Information provided>
════════════════════

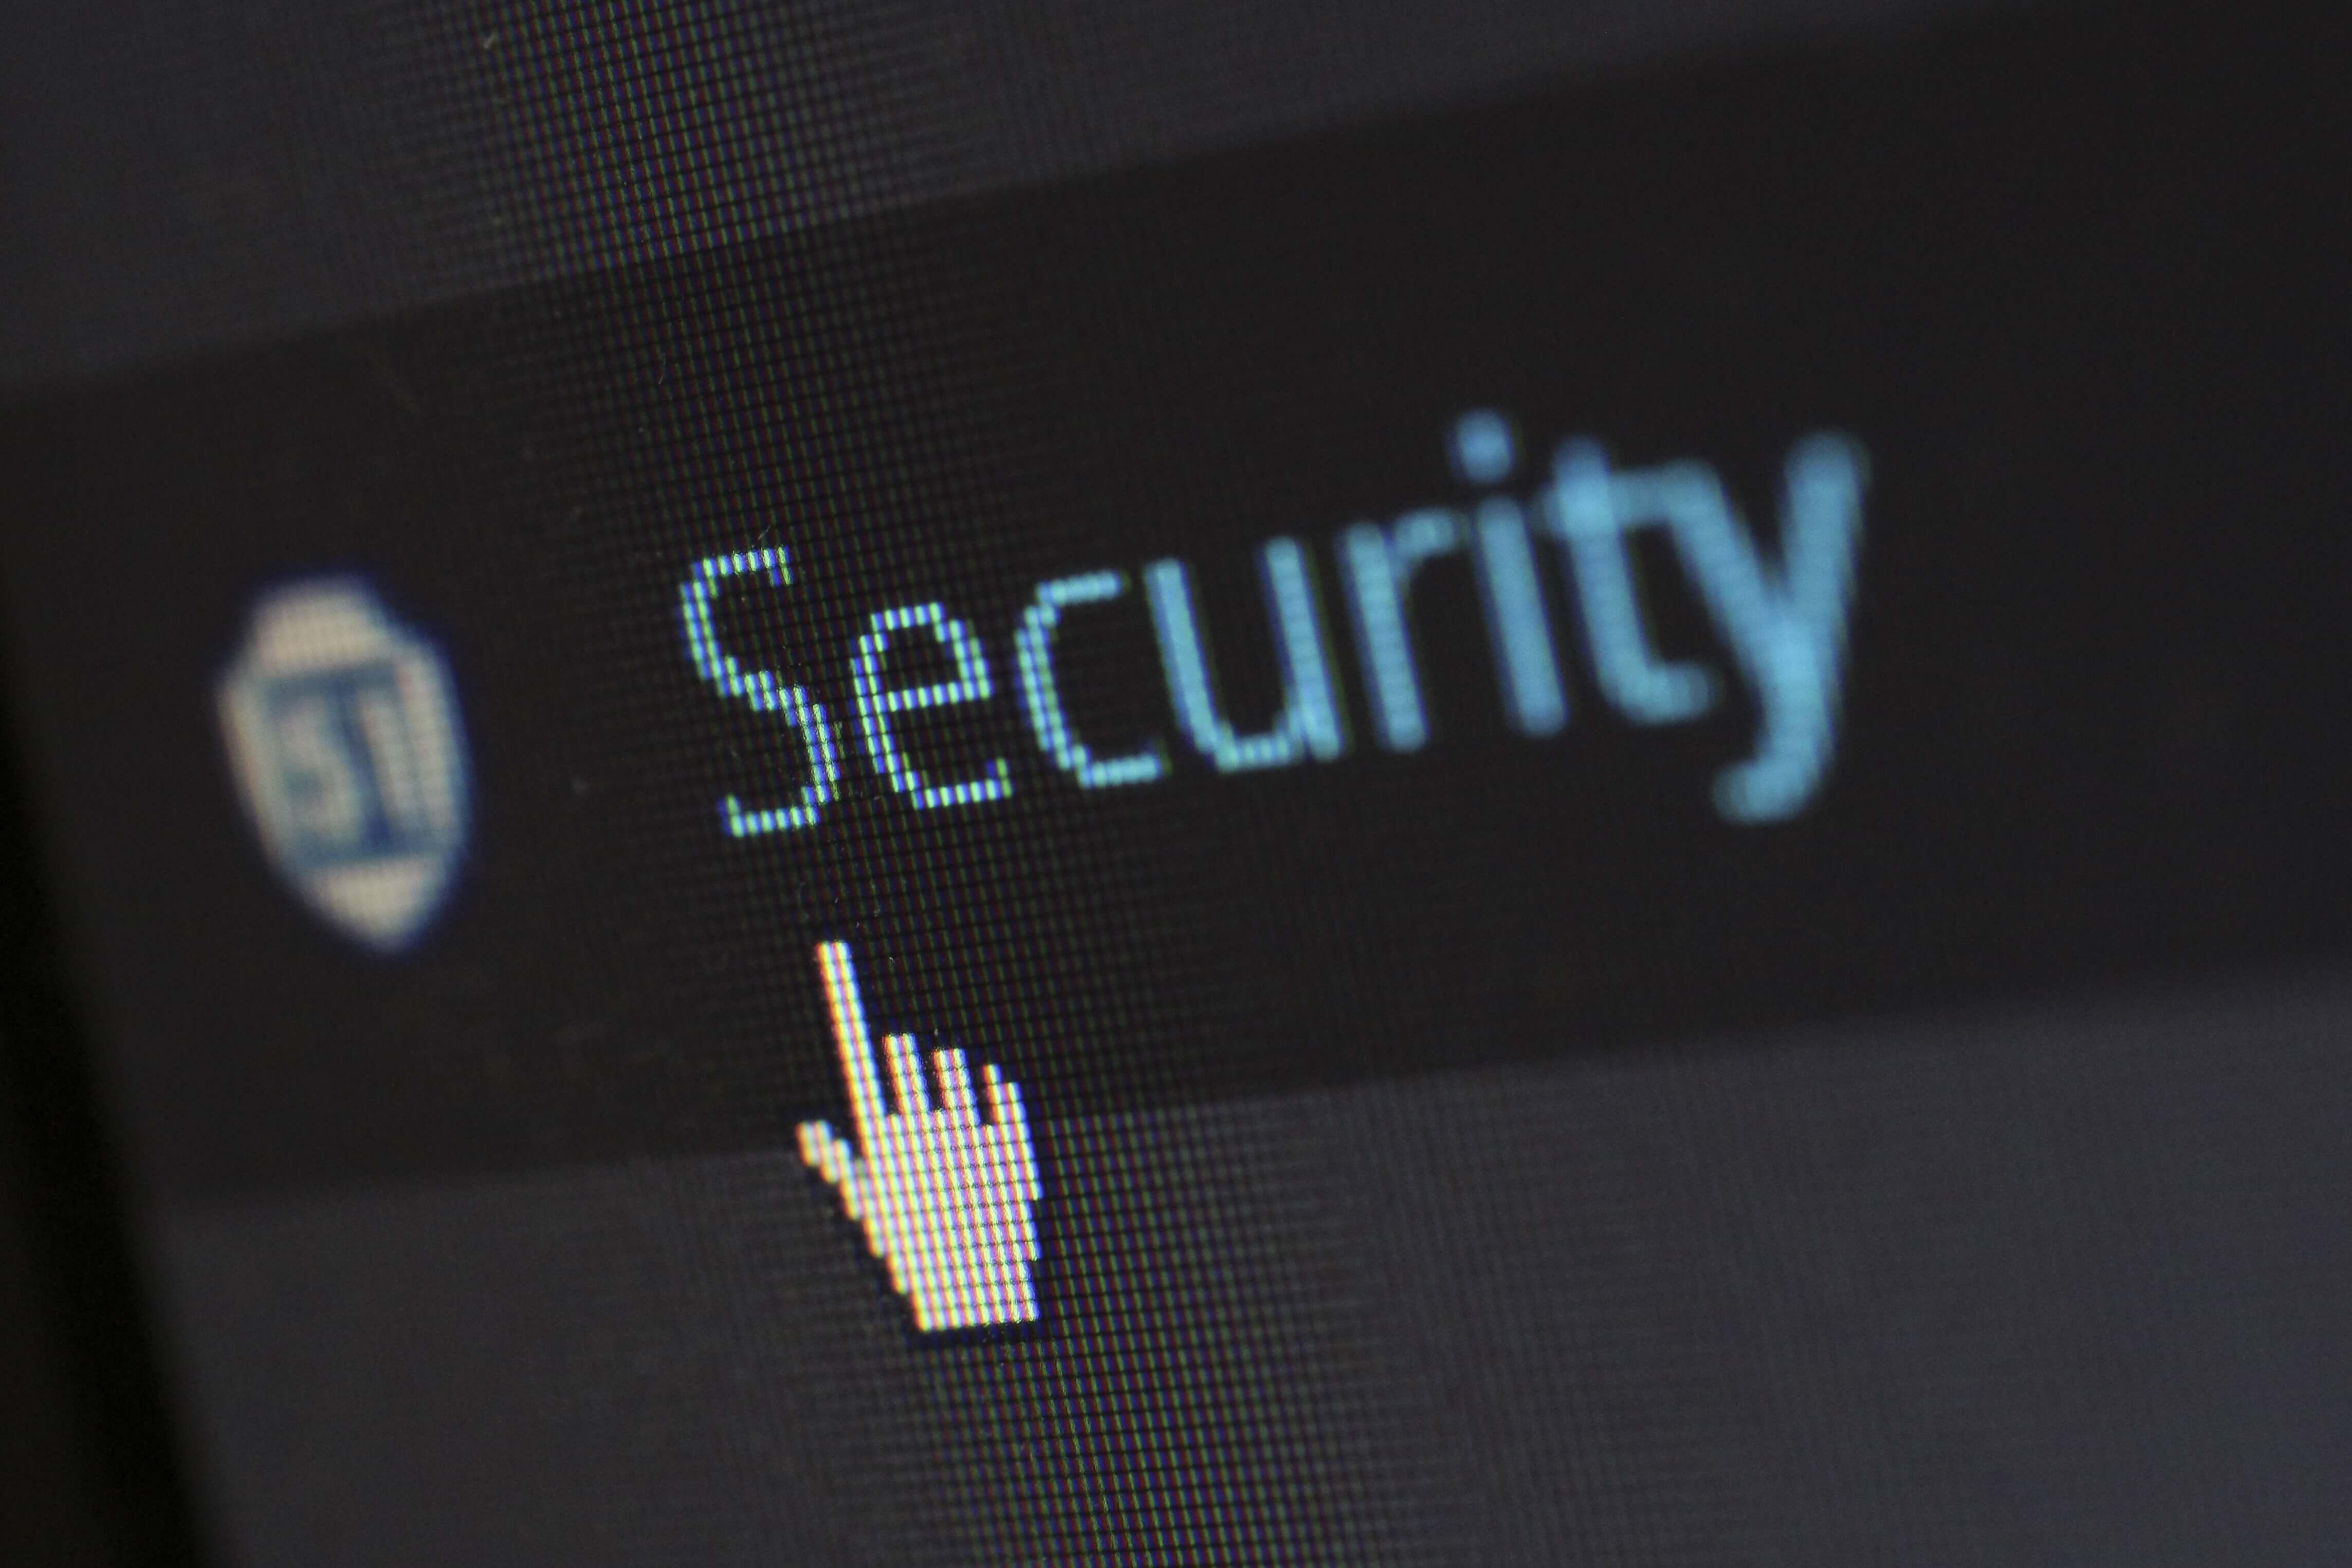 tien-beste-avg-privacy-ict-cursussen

════════════════════

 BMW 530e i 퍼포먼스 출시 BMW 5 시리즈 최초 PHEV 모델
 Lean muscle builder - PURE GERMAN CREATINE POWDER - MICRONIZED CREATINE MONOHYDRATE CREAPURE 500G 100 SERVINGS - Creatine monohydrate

════════════════════

Brief> Look above for the line with "BMW 530e i 퍼포먼스 출시 BMW 5 시리즈 최초 PHEV 모델" and the line with "Lean muscle builder"; transcribe both and all lines in between, exactly, and nothing else.

Solution>
 BMW 530e i 퍼포먼스 출시 BMW 5 시리즈 최초 PHEV 모델
 Lean muscle builder - PURE GERMAN CREATINE POWDER - MICRONIZED CREATINE MONOHYDRATE CREAPURE 500G 100 SERVINGS - Creatine monohydrate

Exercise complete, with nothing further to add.